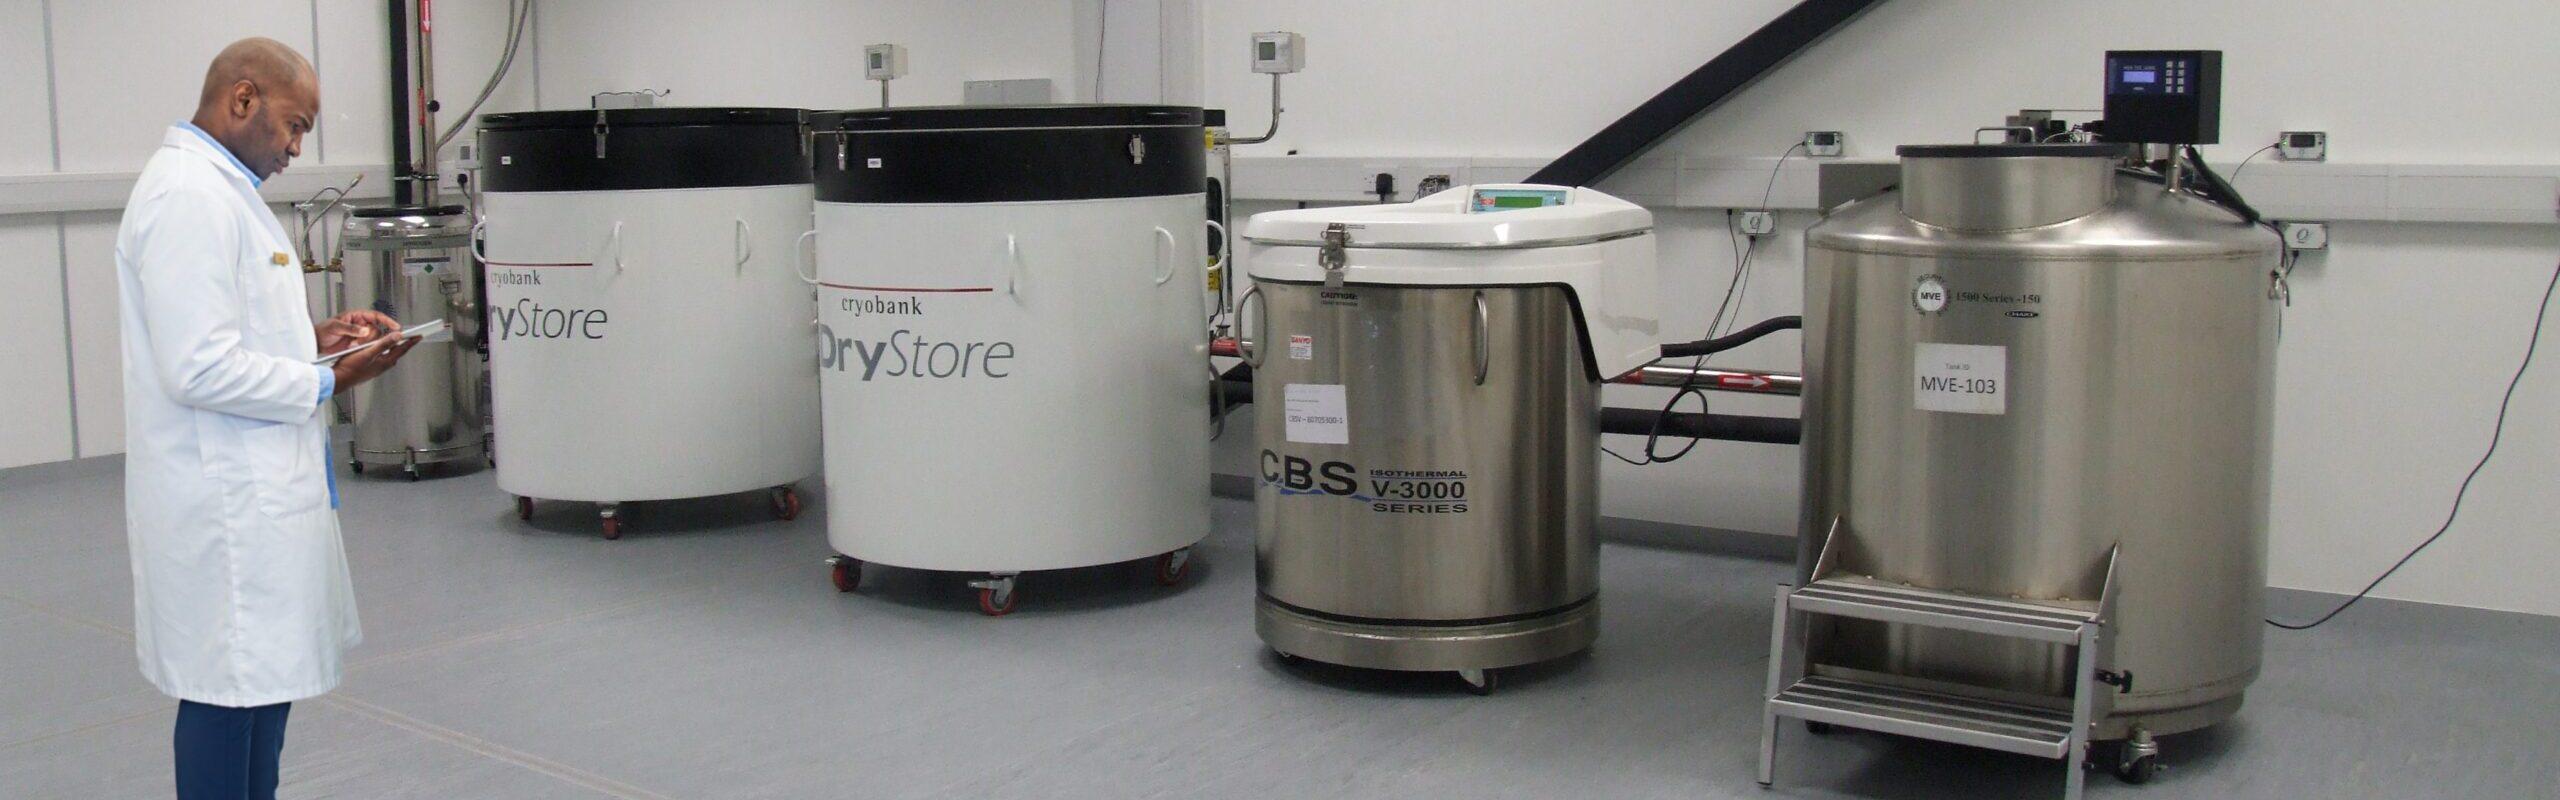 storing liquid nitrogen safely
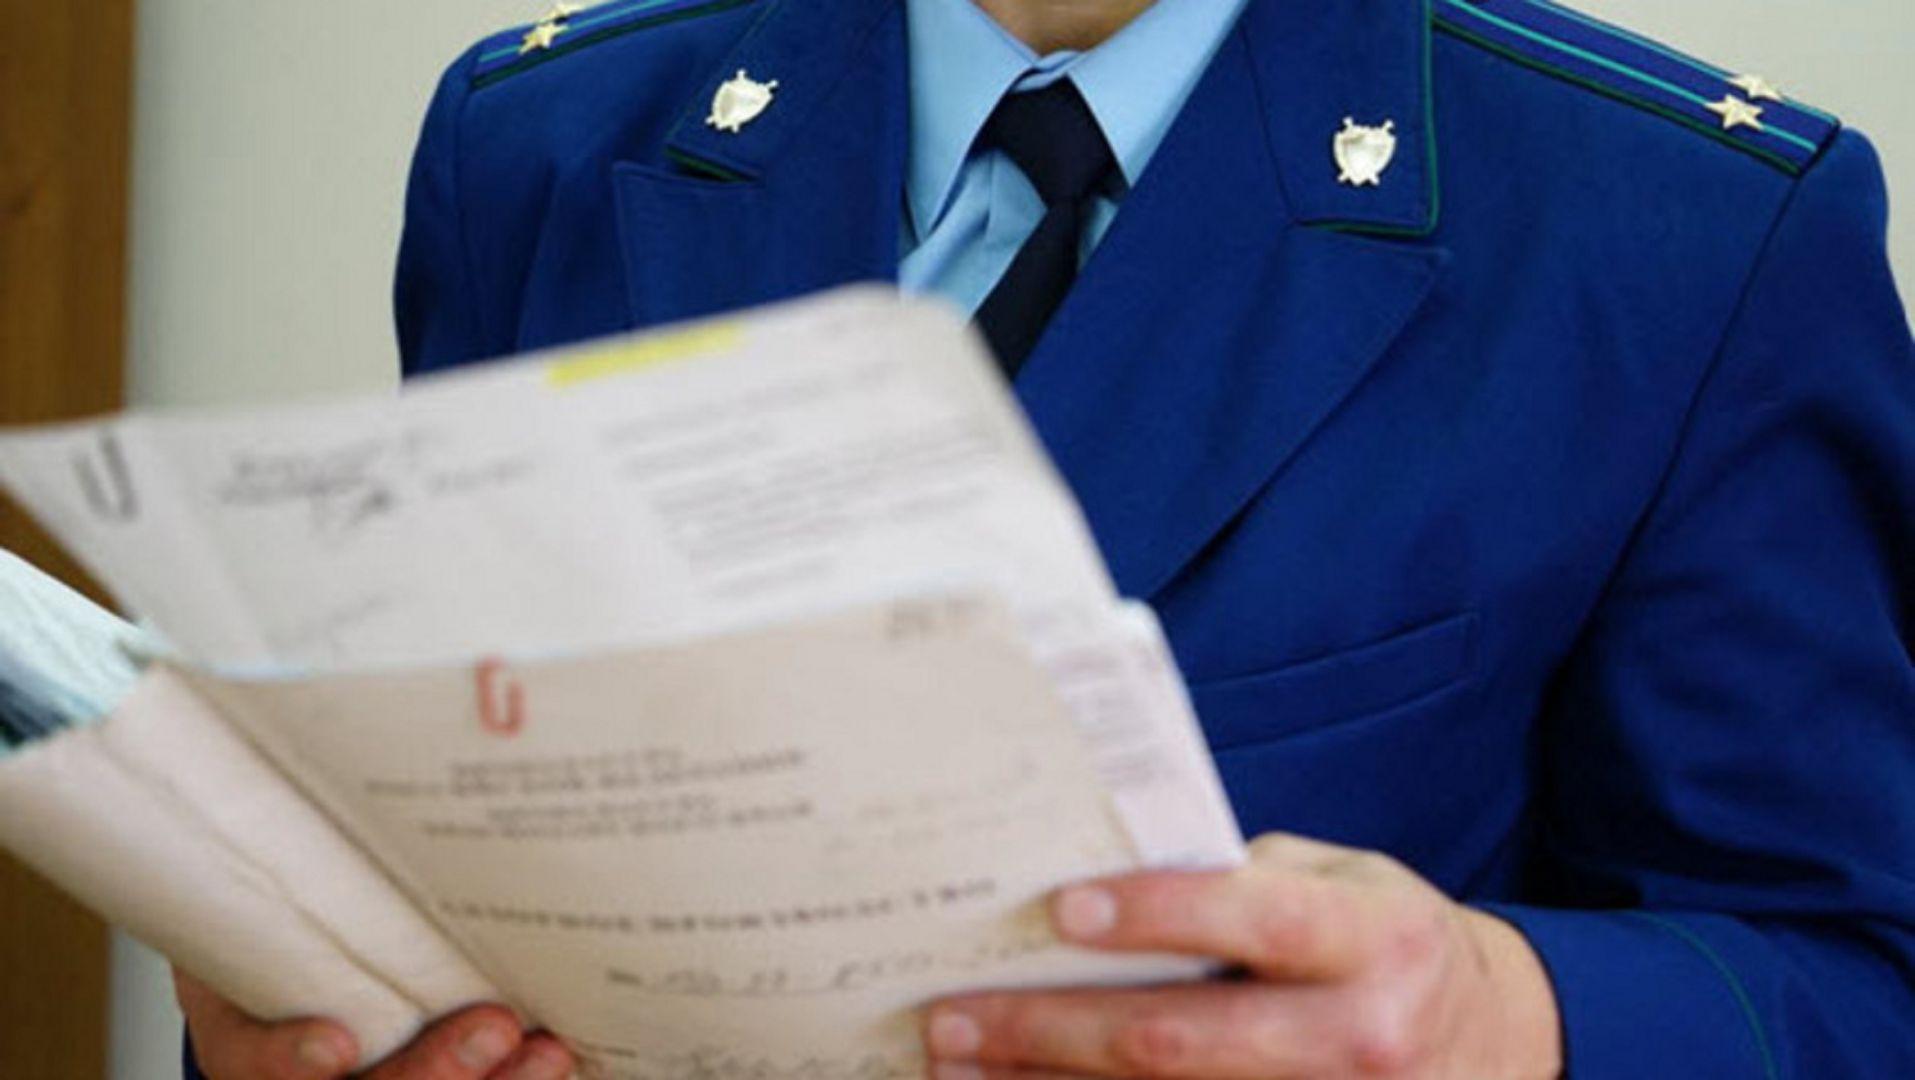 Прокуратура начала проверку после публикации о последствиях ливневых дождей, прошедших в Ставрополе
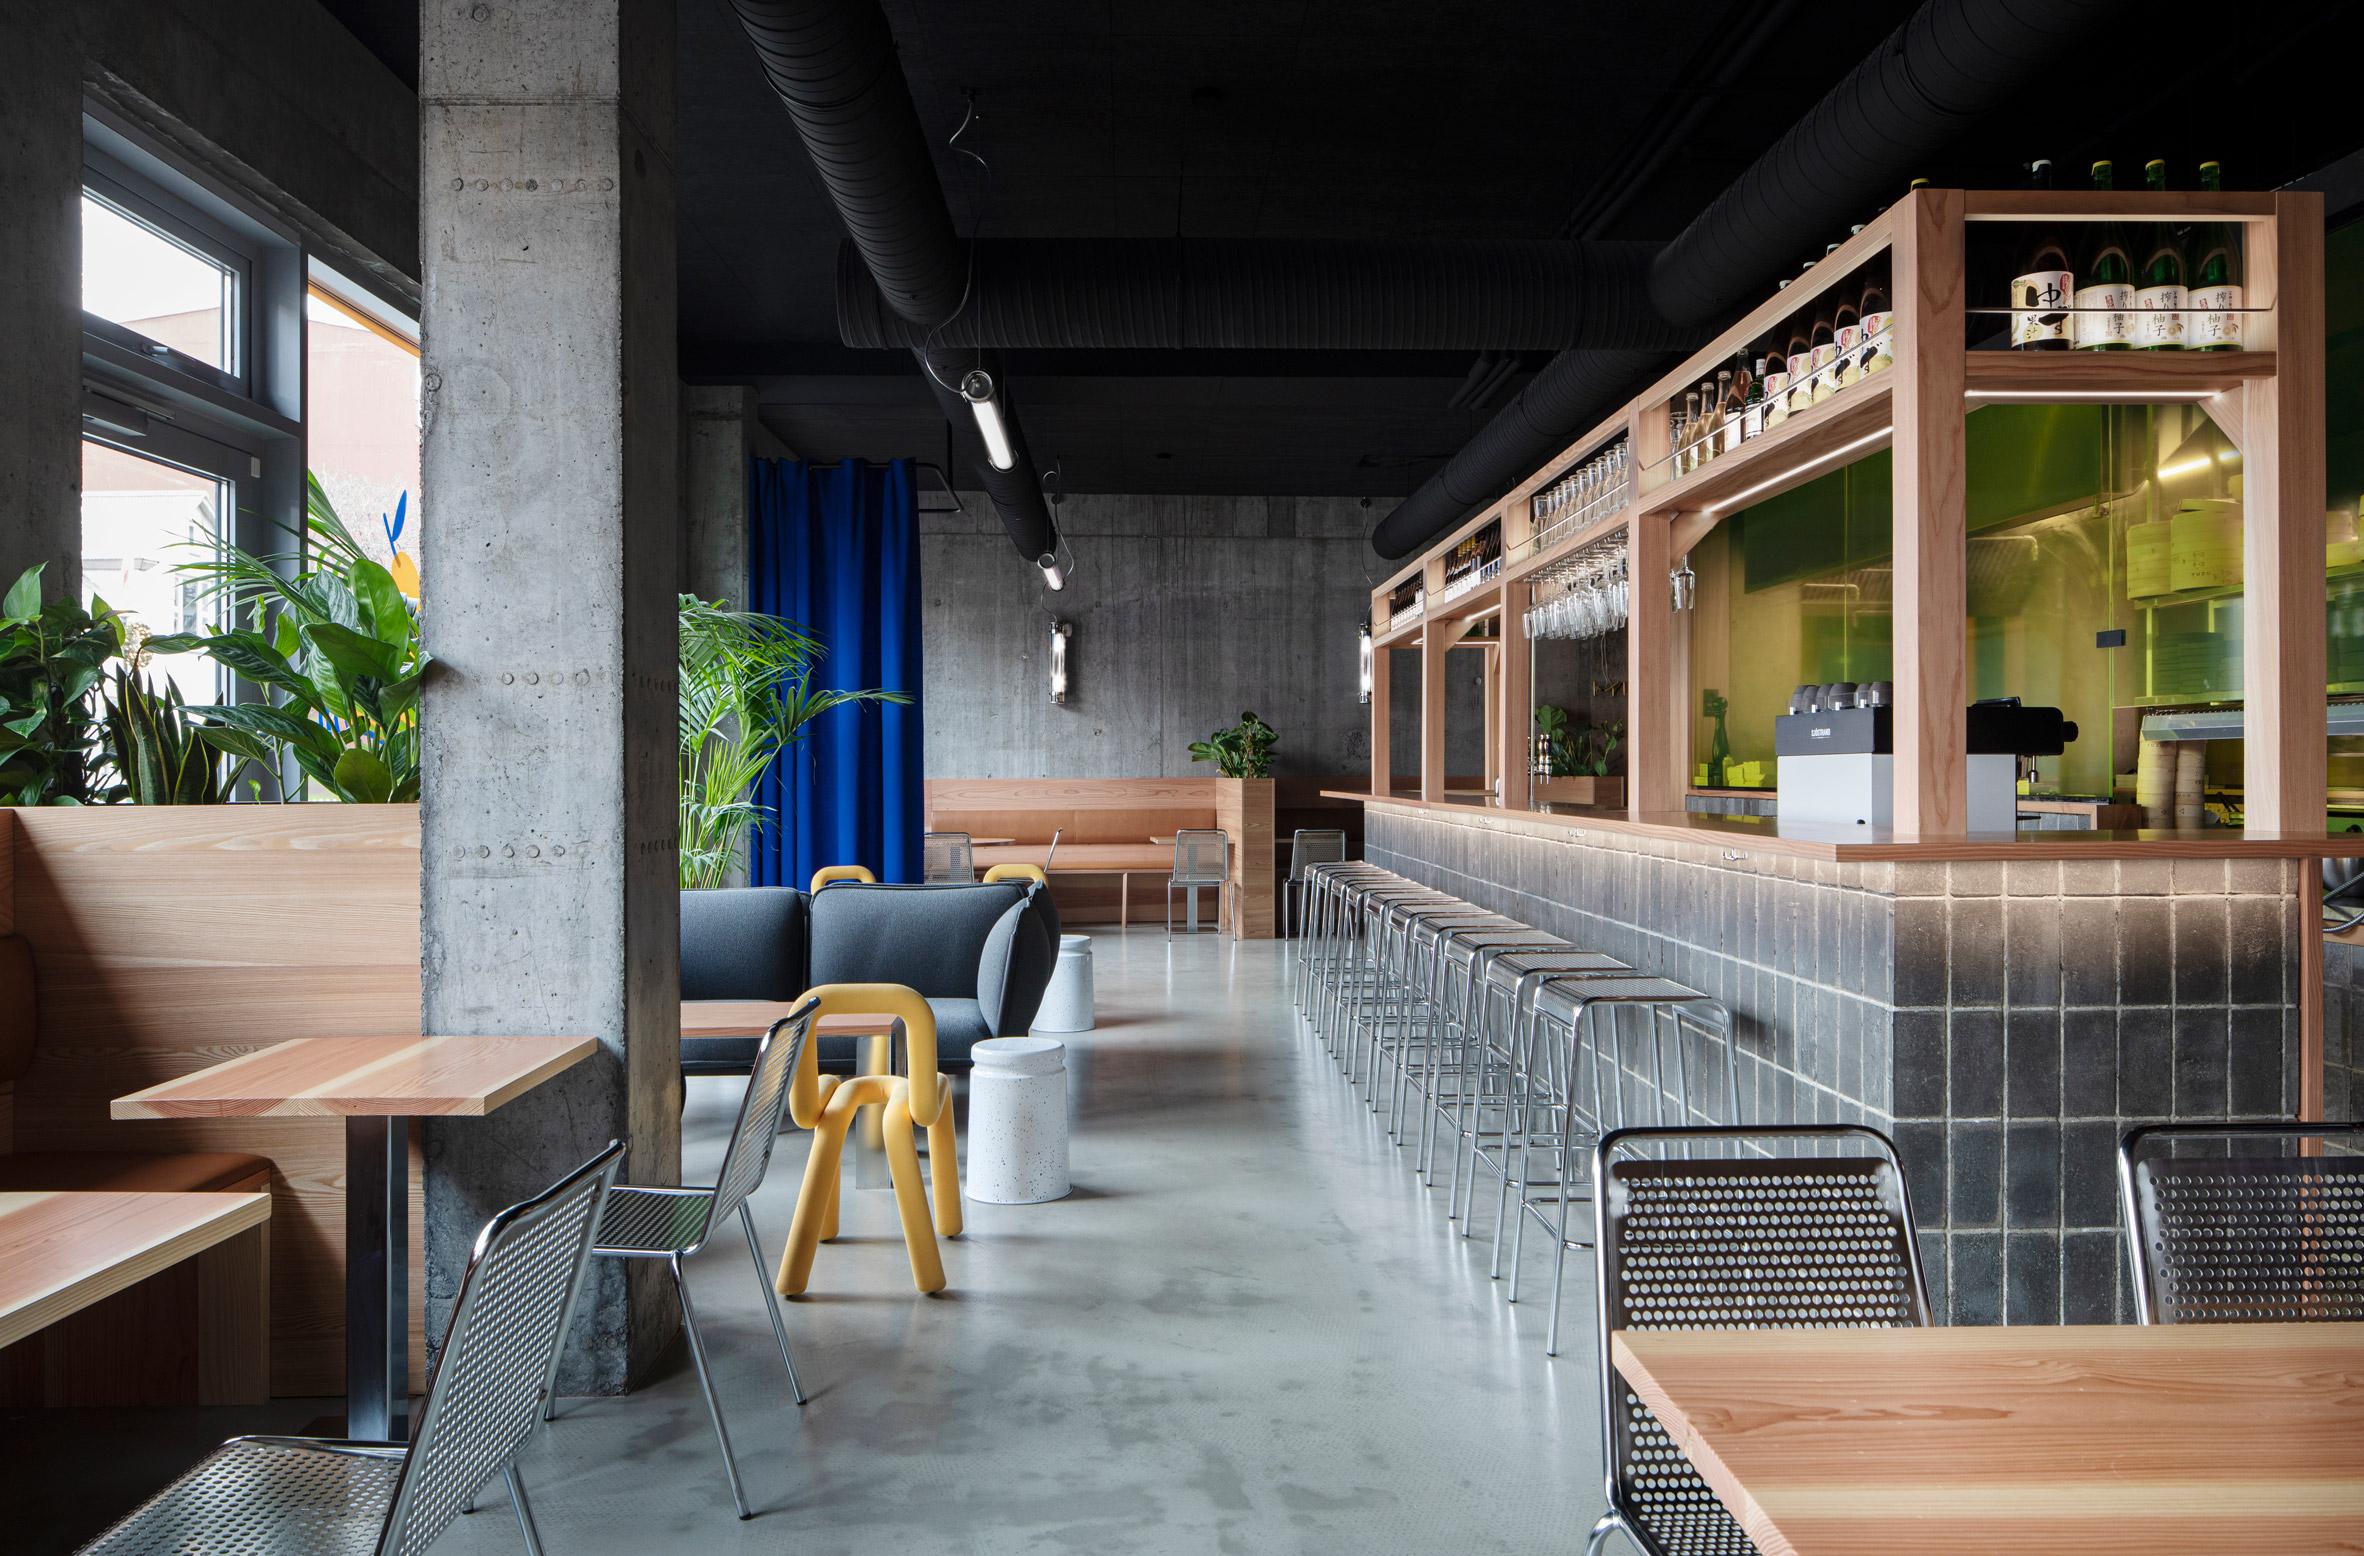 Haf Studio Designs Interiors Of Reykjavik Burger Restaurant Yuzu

### EXERCISE INSTRUCTIONS
Every line above should be output exactly, except for the pictures.

### COMPLETED EXERCISE
 storing liquid nitrogen safely
 Прокуратура начала проверку после публикации о последствиях ливневых дождей, прошедших в Ставрополе
 Haf Studio Designs Interiors Of Reykjavik Burger Restaurant Yuzu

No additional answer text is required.